Lisa Wong: Once those highways are established, you can put science through that, you can put medicine through that. You develop the brain differently.
So, what the neuroscientists are finding is, the brain of a musician looks different than a brain of someone who hasn’t played music.
Jeffrey Brown: There’s also a growing effort to use their music to help patients directly.
During the pandemic, Longwood members have performed outside a number of local hospitals. And Wong helped form the Boston Hope Hospital Music project, medical and other musicians performing for COVID patients.
Now she says the group wants to find even more ways to help fellow front-line medical workers, including offering music lessons and performances.
Lisa Wong: Just offering them sort of an array of things that they can do to heal that way, and to get them a little bit away from just the day-to-day challenges of the medicine itself.
Jeffrey Brown: And why is that so needed now? What have you seen?
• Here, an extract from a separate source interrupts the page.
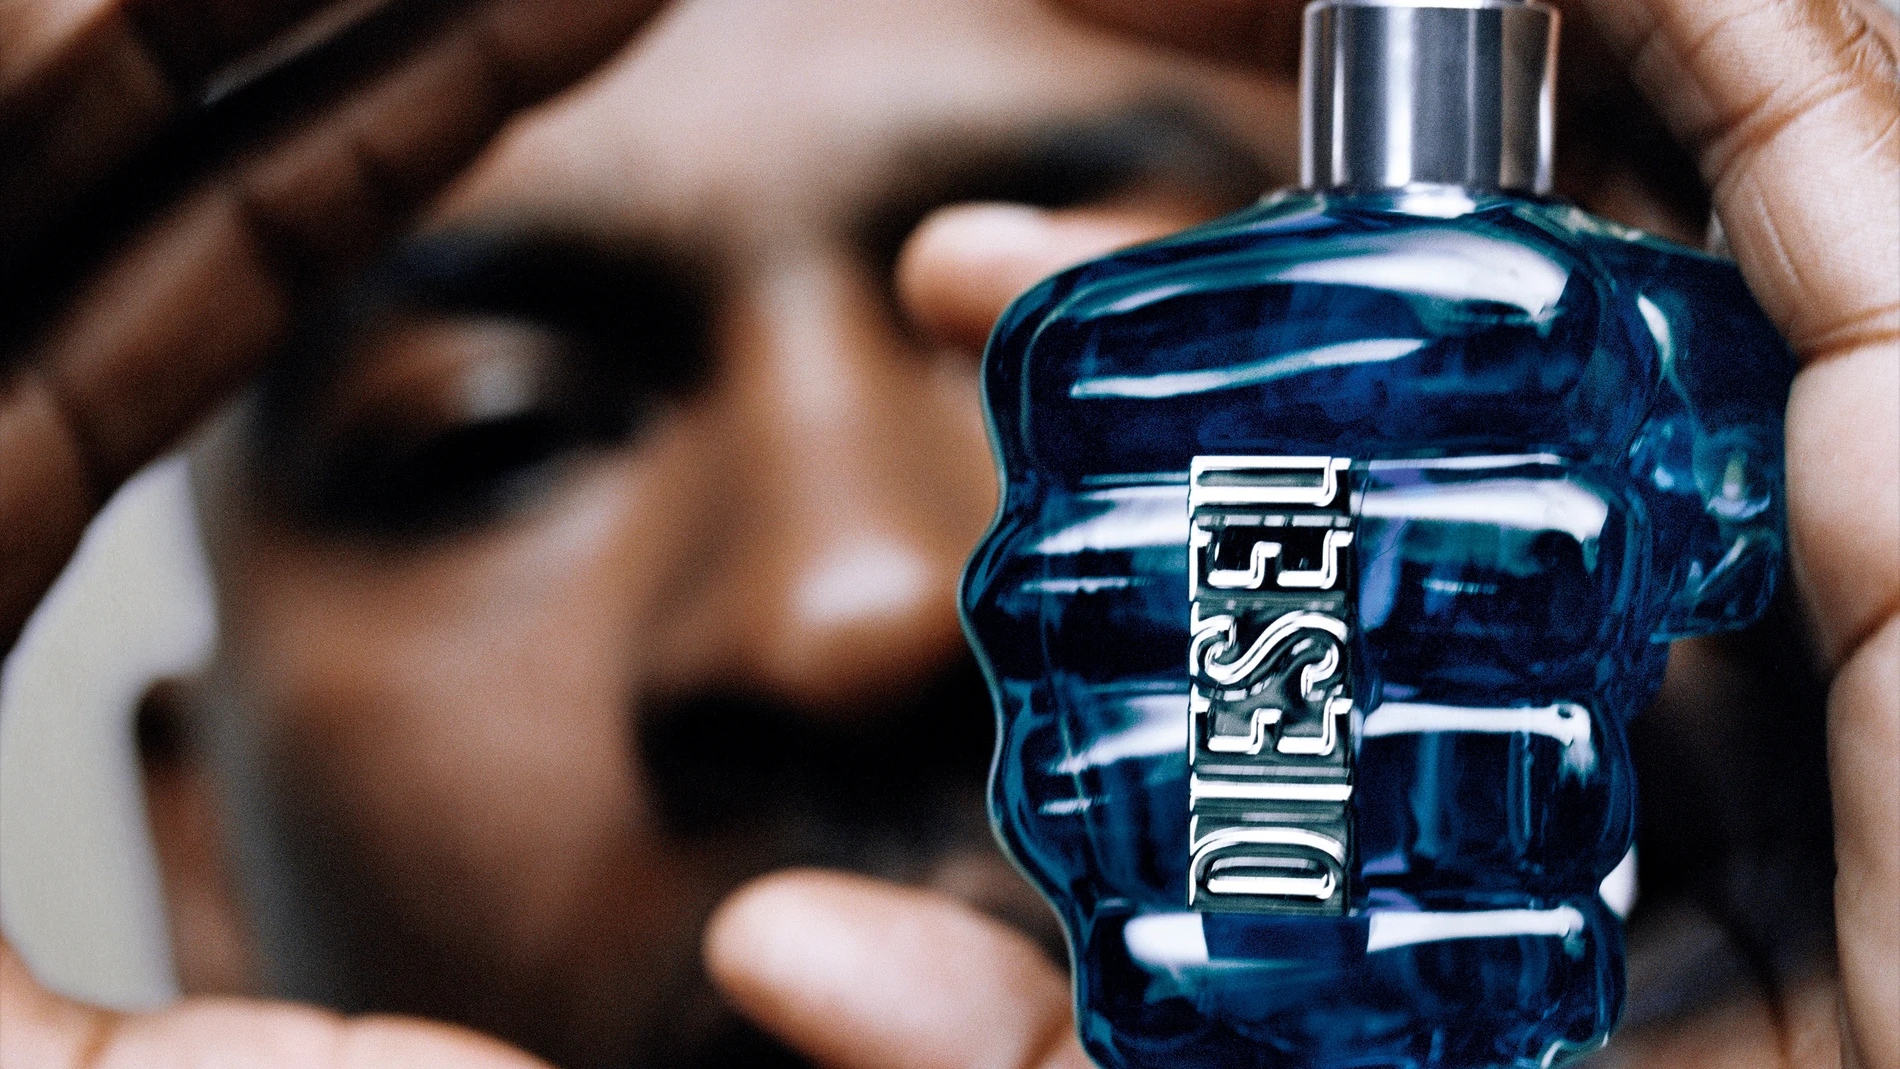 Perfume Only The Brave para Hombre de Diesel– Arome México

Lisa Wong: Exhaustion. Sadness. Hopelessness. And they want to be healing.
This is what post-traumatic stress is. So, we’re looking ahead that the next number of years, I think it’s going to take a long time for our profession to heal.
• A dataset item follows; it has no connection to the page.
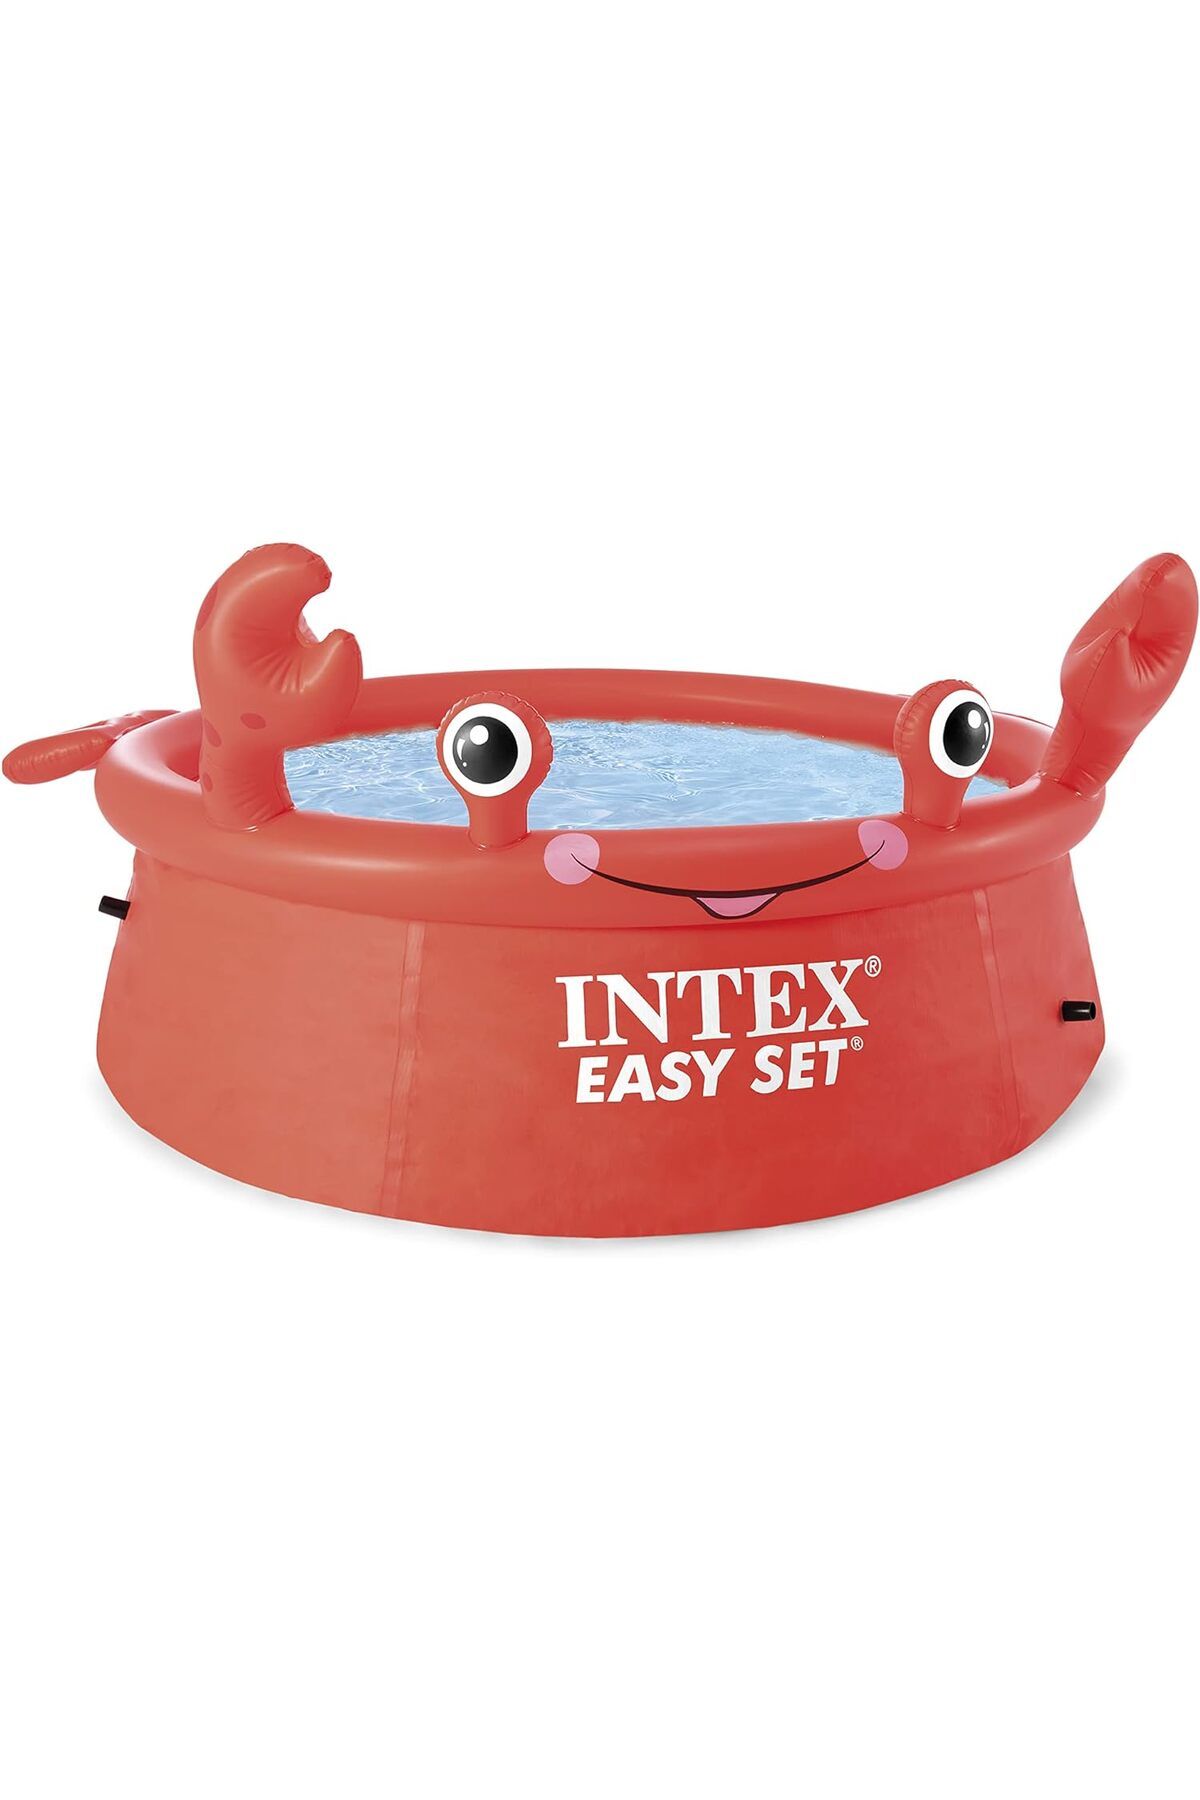 Intex Mutlu Yengeç Havuzu Yaz Eğlencesi için Basit Kurulum ve Eğlenceli Tasarım 880 L Kapasite

Jeffrey Brown: For now, the National Virtual Medical Orchestra is providing a select group from around the country a place to heal and connect with some larger purpose.
John Masko: When you work with a medical orchestra, you really get that perspective that we are here for spiritual fulfillment and we’re here to enjoy ourselves.
Jeffrey Brown: You feel that?
John Masko: I feel that because feel that, yes.
Jeffrey Brown: It was started this spring by 28-year-old John Masko, a son of two physicians, but not one himself, who’s worked with medical musicians as music director of the Providence Medical Orchestra.
It, like arts groups everywhere, shut down in the pandemic.
John Masko: I started to hear very quickly from people about how it was simultaneously happening that their stress levels were rising astronomically in their professional lives, and that the vital outlet they had for relieving that and for using a different part of their brain was now gone.
Jeffrey Brown: Masko has found a new way into producing in virtual space. He sends musicians a video of himself conducting a piece.
The individuals record themselves, send in their video, and then rework their parts based on Masko’s e-mail notes. Then the 60 individual voices are put together by professional audio and video producers.
John Masko: Groups like ours are really positioned to lead the way in innovating this new style of music-making, which, even when we get back to performing regular live music, can feed back into that and expand the sphere of music-making.
Jeffrey Brown: Raise your hand if you’re just happy to be playing music with a fellow human beings, playing music.
Woman: Two hands.
Jeffrey Brown: Two hands.
For now, these musicians are left with this kind of distanced gathering, along with a deep understanding of the connections between art and medicine, including when it’s the healers themselves in need.
Lisa Wong: It’s hard and it’s necessary to know that you also need to heal, to be able to become revitalized, so that you have enough energy to go back out.
That’s the whole thing about the arts that will revitalize you, restore faith in humanity, opportunity to really appreciate beauty. And once that’s filled, then you can give it back.
Jeffrey Brown: You’re alive again, in a sense.
Lisa Wong: Absolutely.
Jeffrey Brown: And there is nothing like live music for that.
For the “PBS NewsHour,” I’m Jeffrey Brown in Newton, Massachusetts.
Judy Woodruff: Thank you, Jeff.
And we love that these medical professionals can find healing in this way.